▸ **Aim of the task**
All the lines below need retyping exactly, apart from the images.

▸ **Collected material**
____________

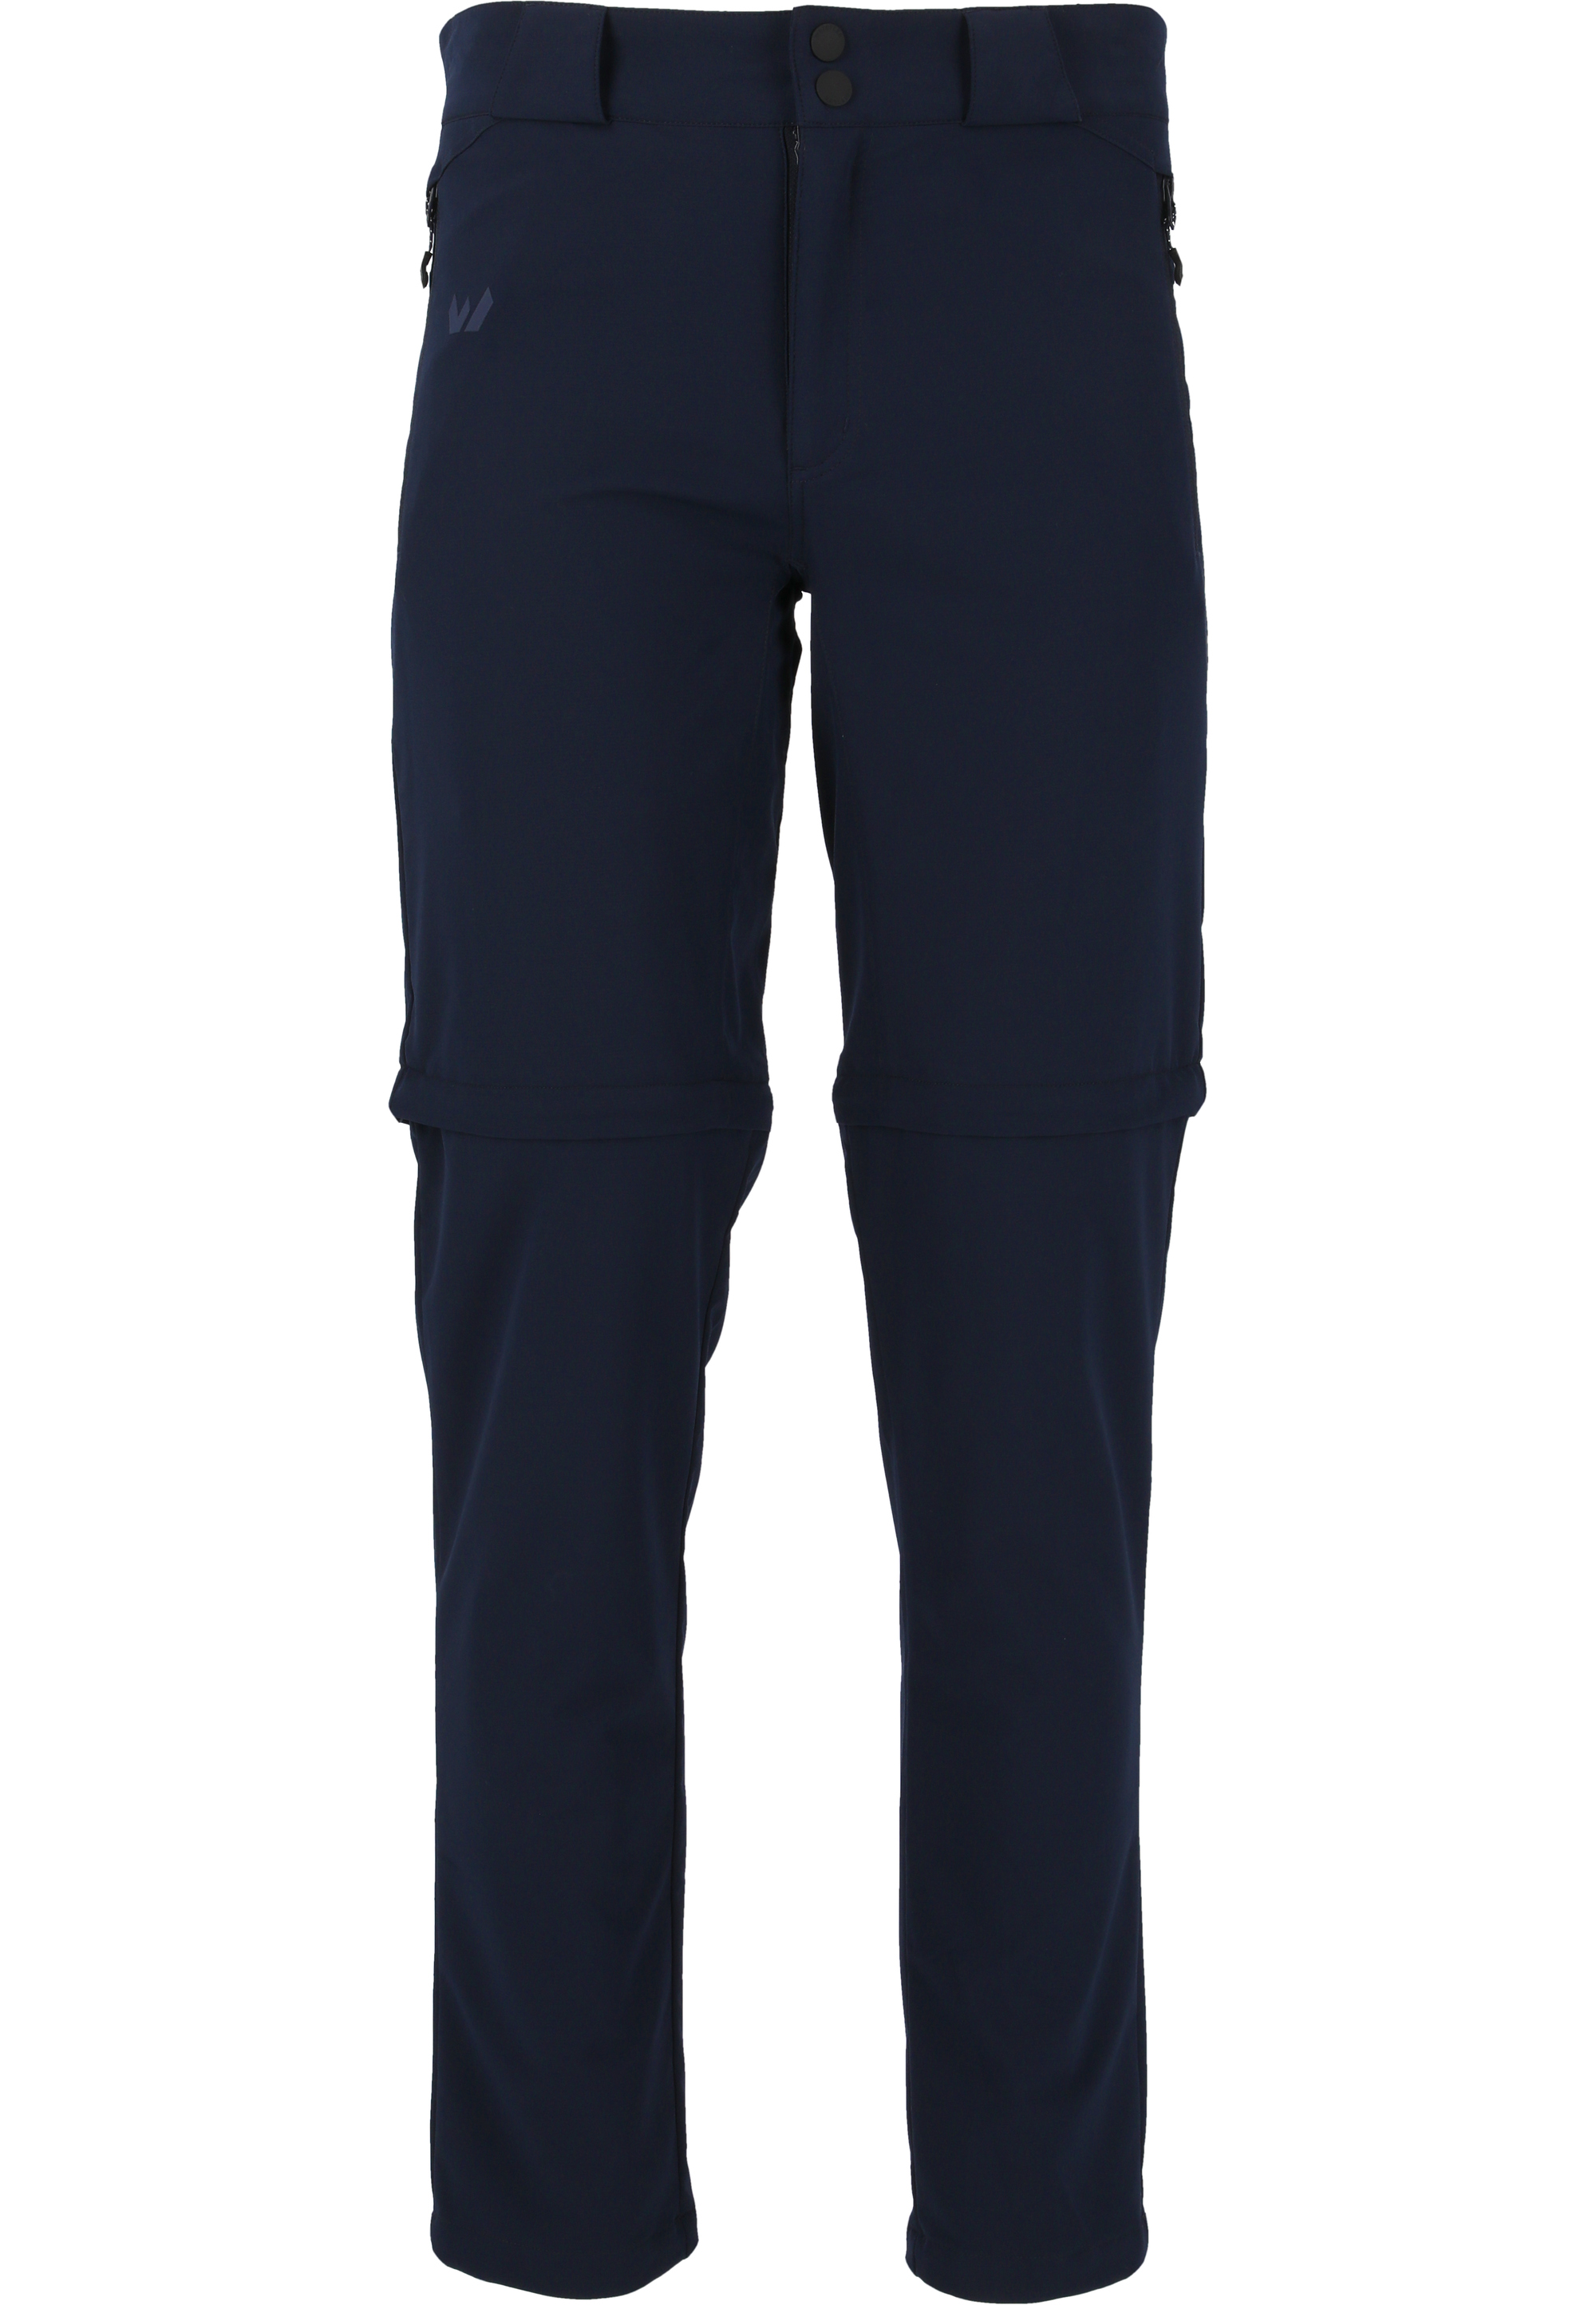 Тканевые брюки Whistler Outdoor Gerdi, цвет 2048 Navy Blazer куртка cruz sweatjacke pitt цвет 2048 navy blazer
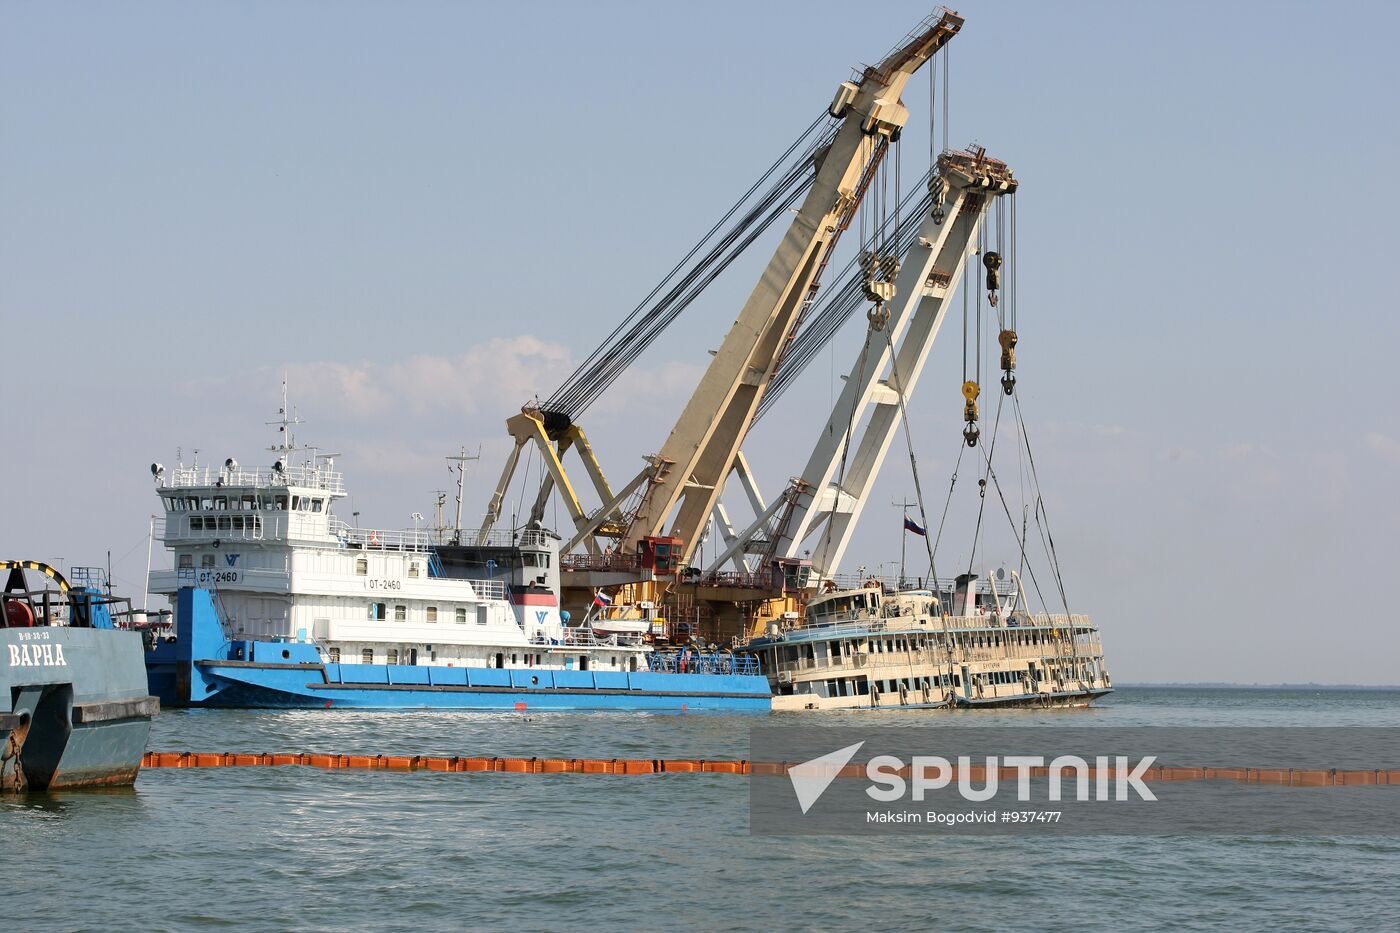 Bulgaria cruise ship lifting operations
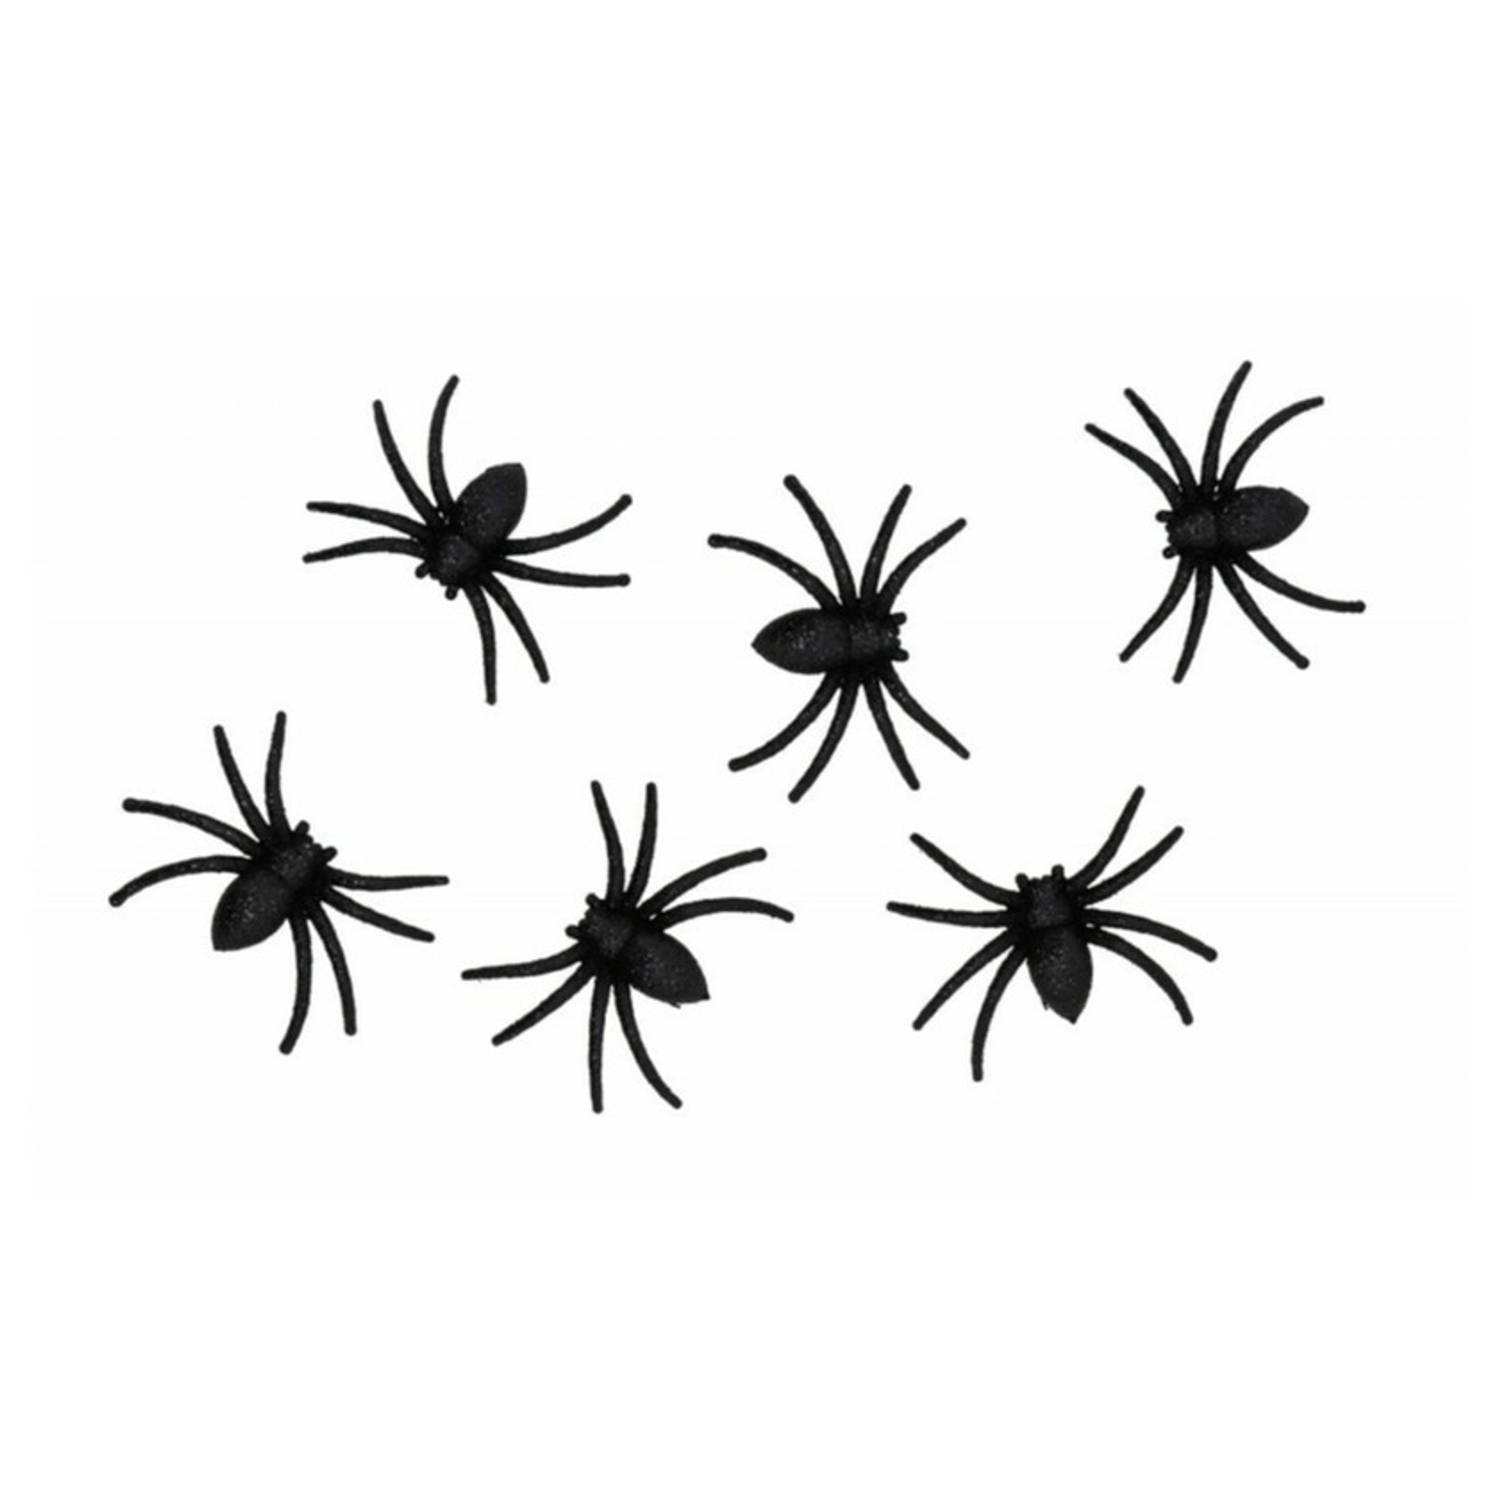 Chaks nep spinnen 8 cm - zwart glitter - 6x stuks - Horror/griezel thema decoratie beestjes

____________

▸ **Answer section**
 Тканевые брюки Whistler Outdoor Gerdi, цвет 2048 Navy Blazer куртка cruz sweatjacke pitt цвет 2048 navy blazer
 Bulgaria cruise ship lifting operations
 Chaks nep spinnen 8 cm - zwart glitter - 6x stuks - Horror/griezel thema decoratie beestjes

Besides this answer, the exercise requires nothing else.